Чтобы быть объективным, нельзя не сказать, что наша условная филема, где ранг таксонов определен лишь на современном срезе, не может вообще отразить сколько-нибудь доказательно границы во времени не только для родов, но и для видов (ведь мы не знаем вообще ни одного ископаемого образца из этой группы, кроме голоценовых определений Novosieversia из желудков животных, захороненных в вечной мерзлоте). Эта филема-только гипотеза, основанная на наших представлениях о родстве современных видов, дополненных анализом эколого-географических характеристик этих видов, упорядоченных тоже гипотезой о развитии ареалов в прошлой среде их обитания в течение времени, когда мы обычно в других группах, где есть ископаемые формы, еще имеем возможность говорить о сходстве их с современными (т. е. до рубежа неогена и палеогена или, реже, — до грани олигоцена и палеоцена).

Представления же разных эволюционистов о родстве могут быть очень разными в зависимости от того, что они принимают за критерий родства. Или это сходство по признакам множественным, но «не взвешенным», или это сходство по признакам, которые считаются гомологическими (патристика), или, наконец, это сходство по признакам, которые общи только данным группам, но не их ближайшим родственникам (клади сти ка). Естественно, что эти различные подходы совершенно по-разному могут интерпретировать одну и ту же филему. И, несмотря на то, что термины «патристика» и «кладистика» появились относительно недавно, вновь и вновь приходится сказать, что эволюционисты-ботаники давно использовали и собственно «патристические», и собственно «кладистические» подходы в своих представлениях об эволюции тех или иных групп. На обсуждении существенных признаков и существенных различий, собственно, и строились системы многих родов и видов растений. А закон гомологических рядов признаков Н. И. Вавилова, как известно, дополняло его представление о «радикале», свойственном тем или иным видам (или родам).
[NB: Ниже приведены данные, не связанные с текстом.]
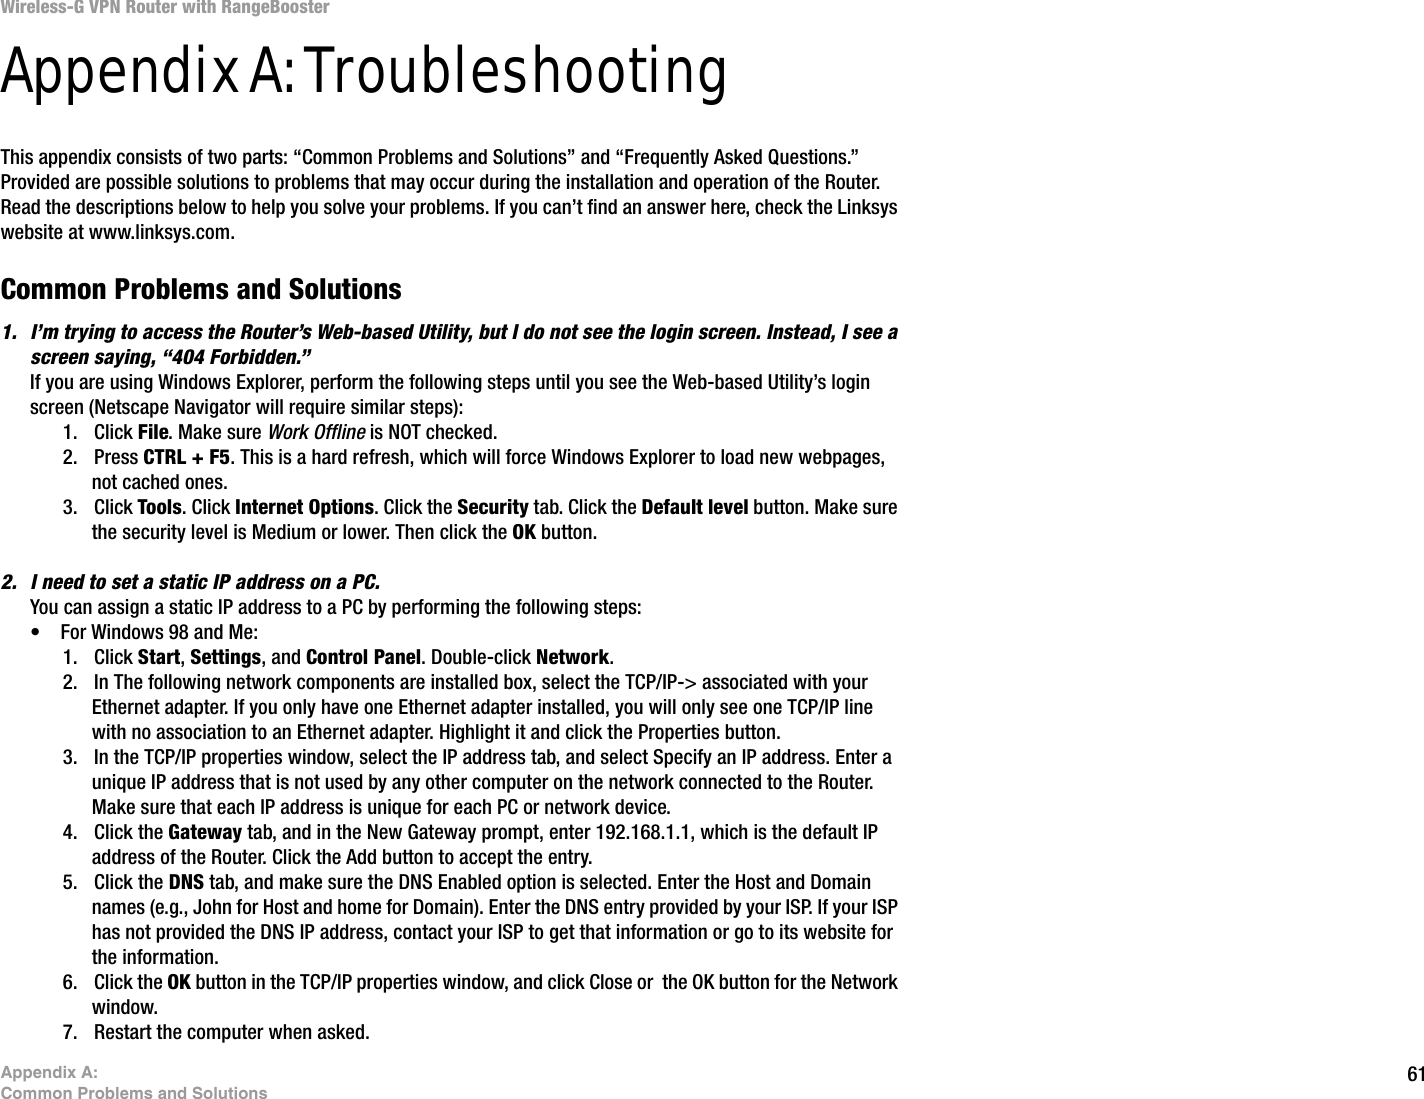 61Appendix A: Common Problems and SolutionsWireless-G VPN Router with RangeBoosterAppendix A: TroubleshootingThis appendix consists of two parts: “Common Problems and Solutions” and “Frequently Asked Questions.” Provided are possible solutions to problems that may occur during the installation and operation of the Router. Read the descriptions below to help you solve your problems. If you can’t find an answer here, check the Linksys website at www.linksys.com.Common Problems and Solutions1. I’m trying to access the Router’s Web-based Utility, but I do not see the login screen. Instead, I see a screen saying, “404 Forbidden.”If you are using Windows Explorer, perform the following steps until you see the Web-based Utility’s login screen (Netscape Navigator will require similar steps):1. Click File. Make sure Work Offline is NOT checked.2. Press CTRL + F5. This is a hard refresh, which will force Windows Explorer to load new webpages, not cached ones.3. Click Tools. Click Internet Options. Click the Security tab. Click the Default level button. Make sure the security level is Medium or lower. Then click the OK button.2. I need to set a static IP address on a PC.You can assign a static IP address to a PC by performing the following steps:• For Windows 98 and Me:1. Click Start, Settings, and Control Panel. Double-click Network.2. In The following network components are installed box, select the TCP/IP-&gt; associated with your Ethernet adapter. If you only have one Ethernet adapter installed, you will only see one TCP/IP line with no association to an Ethernet adapter. Highlight it and click the Properties button.3. In the TCP/IP properties window, select the IP address tab, and select Specify an IP address. Enter a unique IP address that is not used by any other computer on the network connected to the Router. Make sure that each IP address is unique for each PC or network device.4. Click the Gateway tab, and in the New Gateway prompt, enter 192.168.1.1, which is the default IP address of the Router. Click the Add button to accept the entry.5. Click the DNS tab, and make sure the DNS Enabled option is selected. Enter the Host and Domain names (e.g., John for Host and home for Domain). Enter the DNS entry provided by your ISP. If your ISP has not provided the DNS IP address, contact your ISP to get that information or go to its website for the information.6. Click the OK button in the TCP/IP properties window, and click Close or  the OK button for the Network window.7. Restart the computer when asked.

Но есть и еще одна сторона в подходах к интерпретации филем. Все дело в том, что, начиная с основной эволюционирующей единицы (для большинства биологов — вида), следствия дивергентного расхождения видов в процессе эволюции должны проявляться в изоляции родственных видов, в определенном разрыве их связей (гиатусе). Гиатус у современных родственных видов в филемах отображается разницей расстояний их друг от друга (в современном срезе филемы). Но реальная дивергенция даже ближайших видов все же происходила ранее, в прошлом, причем, как правило, даже относительно точное время становления видов мы определить не можем. Тем более трудно это для видов далеко разошедшихся, в том числе и составляющих разные роды. Темпы эволюции в разных группах различны, у растений немалую роль играют в эволюции и сапьтационные (скачковые) формы изоляции видов (и родов).
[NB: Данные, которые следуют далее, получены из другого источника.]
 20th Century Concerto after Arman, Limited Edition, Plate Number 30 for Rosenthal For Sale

Как раз для оценки степени расхождения по признакам морфологическим (а значит, и оценки времени развития групп) служила теория уровней морфологической организации (нередко интерпретируемая и как последовательная смена функциональных связей организмов со средой обитания). Но применима она лишь в интерпретации крупных, длительно существовавших филумов (охватывающих всю совокупность таких таксонов, как типы, классы, отряды у животных, а у растений также — семейства). Для интерпретации филем родов, а тем более групп видов внутри родов она малопригодна, так как уровень морфологической организации в этом случае примерно один.
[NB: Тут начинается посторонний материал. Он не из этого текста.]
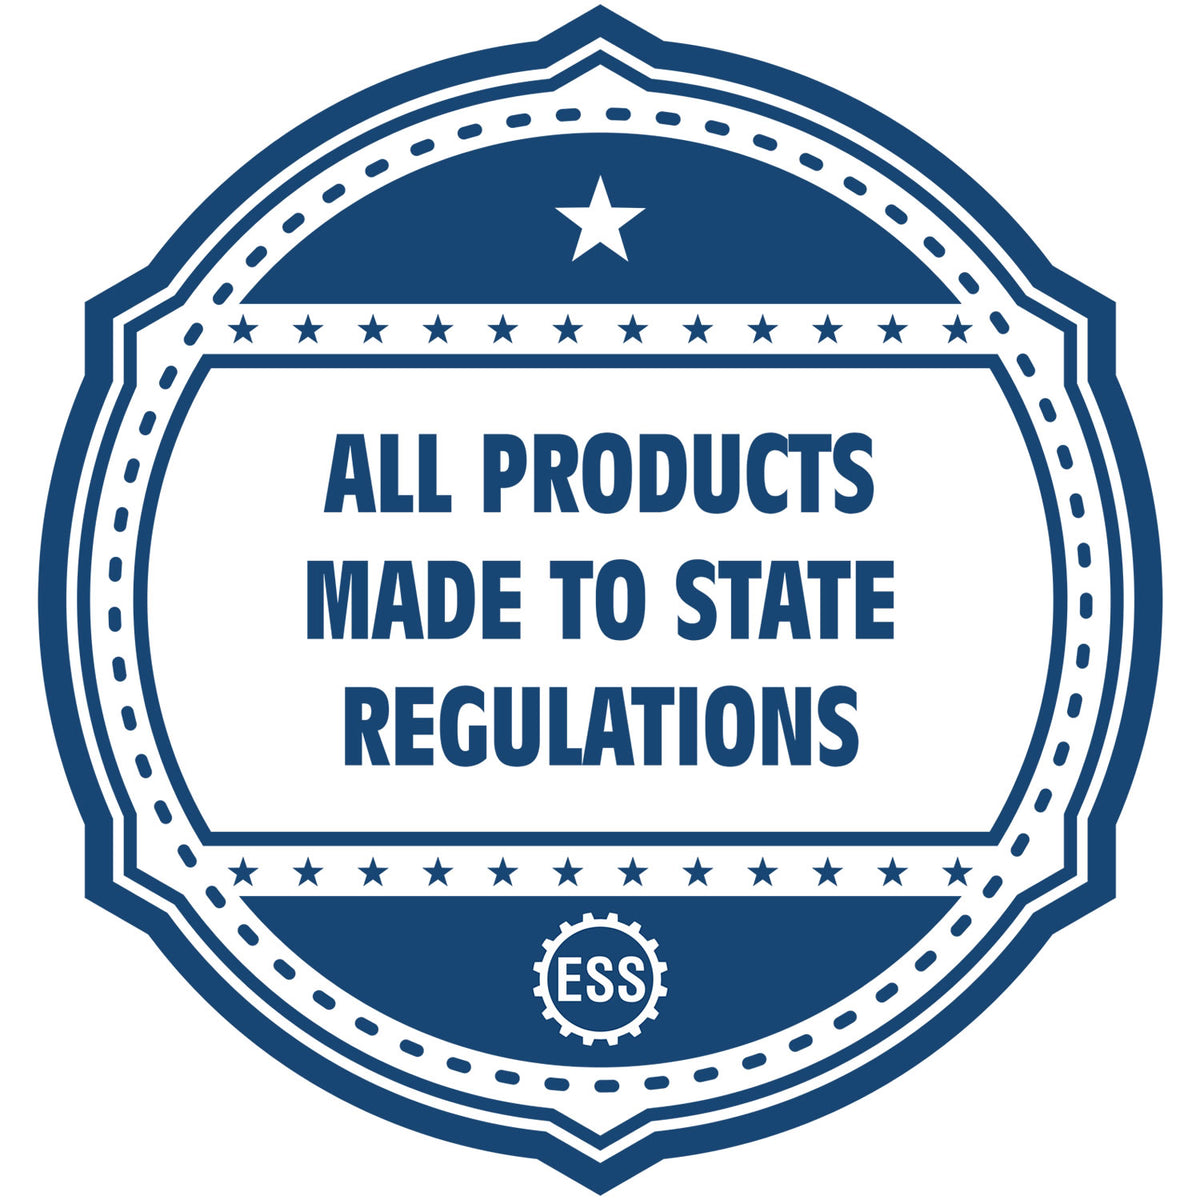 An icon or badge element for the Utah Professional Engineer Seal Stamp showing that this product is made in compliance with state regulations.

После работ 40-50-х годов XX века одного из крупнейших палеобиологов и систематиков животных Дж. Симпсона зоологи стали в этих обсуждениях применять теорию адаптивных типов (общих совокупных экологических характеристик таксонов) и адаптивных зон (определенных комплексов условий природной среды, в которых та или иная группа развивается оптимально). В работах русских экологов — зоологов и ботаников — подобные подходы развивались значительно раньше. Для ботаников, в частности, для классиков географо-морфологического метода эколого-географические характеристики видов и рядов видов эволюционно не менее значимы, чем морфологические, еще с конца XIX века. Примерно в это же время появились и обобщенные характеристики экологического диапазона (и эколого-физиологических типов) для семейств, классов и типов растений.

Поэтому ботаникам понятно, что в интерпретации филем следует в совокупности пользоваться и анализом уровня морфологической организации, и характеристиками экологического диапазона групп, и характеристиками ареалов. Но из-за неполноты геологической летописи и весьма широкого диапазона «адаптивных зон» во многих крупных (многовидовых) родах, а тем более семействах — у растений и филемы более гипотетичны, и интерпретация их-весьма затруднительна.

Таким образом, филемы (какбы они ни строились!) действительно очень многомерные и весьма трудные для интерпретации (как самими авторами, так и тем более — пользователями) построения. Эти резкие различия филем от систем недостаточно осознаются в теоретической систематике, которая ныие чрезвычайно перегружена терминами и понятиями, которые, к тому же, анализируются чаще и формально-логически, и натурфилософски, и математико-статистически, и абстрактно-геометрически, и, как мы видели, даже семантически, но исключительно редко — собственно биологическими методами (т. е. образно-типологически, экологически и исторически).

Рассмотрим в этой связи одно из важнейших понятий филогении, характеризующее взаимоотношения предка и потомка (но и предков и потомков), а, следовательно, формы филемы, которая должна, по определению, отражать и суть эволюции той или иной группы. Это понятие о моиофилии — полифилии (в контрадикции этих частных понятий).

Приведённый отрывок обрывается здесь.